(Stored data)

# # # # #

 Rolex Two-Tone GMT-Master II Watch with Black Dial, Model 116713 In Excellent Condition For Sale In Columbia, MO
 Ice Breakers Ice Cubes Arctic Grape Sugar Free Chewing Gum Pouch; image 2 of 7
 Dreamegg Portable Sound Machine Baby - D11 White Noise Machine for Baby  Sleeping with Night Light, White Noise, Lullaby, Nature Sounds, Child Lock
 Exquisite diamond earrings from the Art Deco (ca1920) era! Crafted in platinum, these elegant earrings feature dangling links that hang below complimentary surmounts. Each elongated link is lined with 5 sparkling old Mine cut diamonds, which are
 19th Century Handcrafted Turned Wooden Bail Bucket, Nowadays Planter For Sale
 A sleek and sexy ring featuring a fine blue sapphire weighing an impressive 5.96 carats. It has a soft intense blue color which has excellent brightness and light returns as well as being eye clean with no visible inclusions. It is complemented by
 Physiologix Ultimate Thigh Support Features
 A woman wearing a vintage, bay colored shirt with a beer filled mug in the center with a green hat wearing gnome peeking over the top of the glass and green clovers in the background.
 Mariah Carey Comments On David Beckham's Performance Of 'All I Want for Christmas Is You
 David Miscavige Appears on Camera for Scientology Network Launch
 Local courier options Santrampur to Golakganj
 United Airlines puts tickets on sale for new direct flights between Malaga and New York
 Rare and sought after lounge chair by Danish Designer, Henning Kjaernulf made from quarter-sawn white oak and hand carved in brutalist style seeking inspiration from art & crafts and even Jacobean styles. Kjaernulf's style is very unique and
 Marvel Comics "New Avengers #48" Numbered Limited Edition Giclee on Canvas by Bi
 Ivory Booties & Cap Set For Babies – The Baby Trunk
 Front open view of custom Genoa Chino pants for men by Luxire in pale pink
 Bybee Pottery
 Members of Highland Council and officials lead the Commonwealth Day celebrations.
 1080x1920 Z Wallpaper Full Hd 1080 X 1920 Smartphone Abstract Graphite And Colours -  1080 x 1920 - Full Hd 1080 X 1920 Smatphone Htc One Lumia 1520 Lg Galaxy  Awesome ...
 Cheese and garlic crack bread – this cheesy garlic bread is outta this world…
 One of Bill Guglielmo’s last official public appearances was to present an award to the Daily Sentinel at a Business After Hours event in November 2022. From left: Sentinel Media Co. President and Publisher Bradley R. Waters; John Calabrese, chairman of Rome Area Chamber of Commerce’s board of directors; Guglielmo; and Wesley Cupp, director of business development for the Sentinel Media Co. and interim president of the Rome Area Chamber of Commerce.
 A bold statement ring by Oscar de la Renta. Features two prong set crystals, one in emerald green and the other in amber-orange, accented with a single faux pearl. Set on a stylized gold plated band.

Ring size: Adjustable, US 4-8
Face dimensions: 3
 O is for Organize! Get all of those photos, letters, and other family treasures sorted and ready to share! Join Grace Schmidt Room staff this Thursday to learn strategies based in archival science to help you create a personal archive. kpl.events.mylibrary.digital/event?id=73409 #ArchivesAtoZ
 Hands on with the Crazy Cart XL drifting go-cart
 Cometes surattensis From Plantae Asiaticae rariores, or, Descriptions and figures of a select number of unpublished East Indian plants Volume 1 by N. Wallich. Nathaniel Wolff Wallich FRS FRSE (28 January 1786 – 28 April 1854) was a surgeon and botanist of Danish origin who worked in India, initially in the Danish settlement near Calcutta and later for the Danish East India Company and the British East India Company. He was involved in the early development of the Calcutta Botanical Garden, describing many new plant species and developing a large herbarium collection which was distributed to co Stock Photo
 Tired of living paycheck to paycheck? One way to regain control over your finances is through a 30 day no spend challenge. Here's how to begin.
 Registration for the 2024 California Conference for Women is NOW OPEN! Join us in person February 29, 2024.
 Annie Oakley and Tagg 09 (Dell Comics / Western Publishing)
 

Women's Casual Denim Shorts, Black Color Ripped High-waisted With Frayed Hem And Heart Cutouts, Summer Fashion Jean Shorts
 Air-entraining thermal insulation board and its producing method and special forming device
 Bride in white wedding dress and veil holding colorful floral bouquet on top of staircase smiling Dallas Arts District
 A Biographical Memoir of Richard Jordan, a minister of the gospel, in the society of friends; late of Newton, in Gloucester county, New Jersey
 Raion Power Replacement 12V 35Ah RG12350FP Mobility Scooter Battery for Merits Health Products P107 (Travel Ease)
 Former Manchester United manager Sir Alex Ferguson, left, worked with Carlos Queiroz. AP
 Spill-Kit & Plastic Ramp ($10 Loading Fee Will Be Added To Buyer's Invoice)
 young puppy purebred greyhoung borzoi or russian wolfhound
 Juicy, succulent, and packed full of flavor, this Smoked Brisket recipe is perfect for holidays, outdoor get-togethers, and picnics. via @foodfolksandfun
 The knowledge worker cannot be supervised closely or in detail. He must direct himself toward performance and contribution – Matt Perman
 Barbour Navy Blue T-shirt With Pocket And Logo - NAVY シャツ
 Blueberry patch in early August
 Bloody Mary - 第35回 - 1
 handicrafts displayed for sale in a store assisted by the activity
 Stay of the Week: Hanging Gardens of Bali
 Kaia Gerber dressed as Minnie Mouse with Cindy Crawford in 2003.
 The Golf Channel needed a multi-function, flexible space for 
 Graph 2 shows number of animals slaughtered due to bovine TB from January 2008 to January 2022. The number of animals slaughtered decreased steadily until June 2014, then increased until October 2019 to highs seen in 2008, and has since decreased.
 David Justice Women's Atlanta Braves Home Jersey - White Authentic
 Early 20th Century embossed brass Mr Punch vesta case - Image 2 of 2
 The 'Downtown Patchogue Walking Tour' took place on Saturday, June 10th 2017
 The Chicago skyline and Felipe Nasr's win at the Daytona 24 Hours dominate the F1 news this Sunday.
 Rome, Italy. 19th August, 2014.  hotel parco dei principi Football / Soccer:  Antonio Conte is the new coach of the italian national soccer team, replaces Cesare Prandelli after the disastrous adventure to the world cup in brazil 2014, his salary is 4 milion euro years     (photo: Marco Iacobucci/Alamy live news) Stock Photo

# # # # #

Take each line above that contains "Black" and copy it out.

 Rolex Two-Tone GMT-Master II Watch with Black Dial, Model 116713 In Excellent Condition For Sale In Columbia, MO
Women's Casual Denim Shorts, Black Color Ripped High-waisted With Frayed Hem And Heart Cutouts, Summer Fashion Jean Shorts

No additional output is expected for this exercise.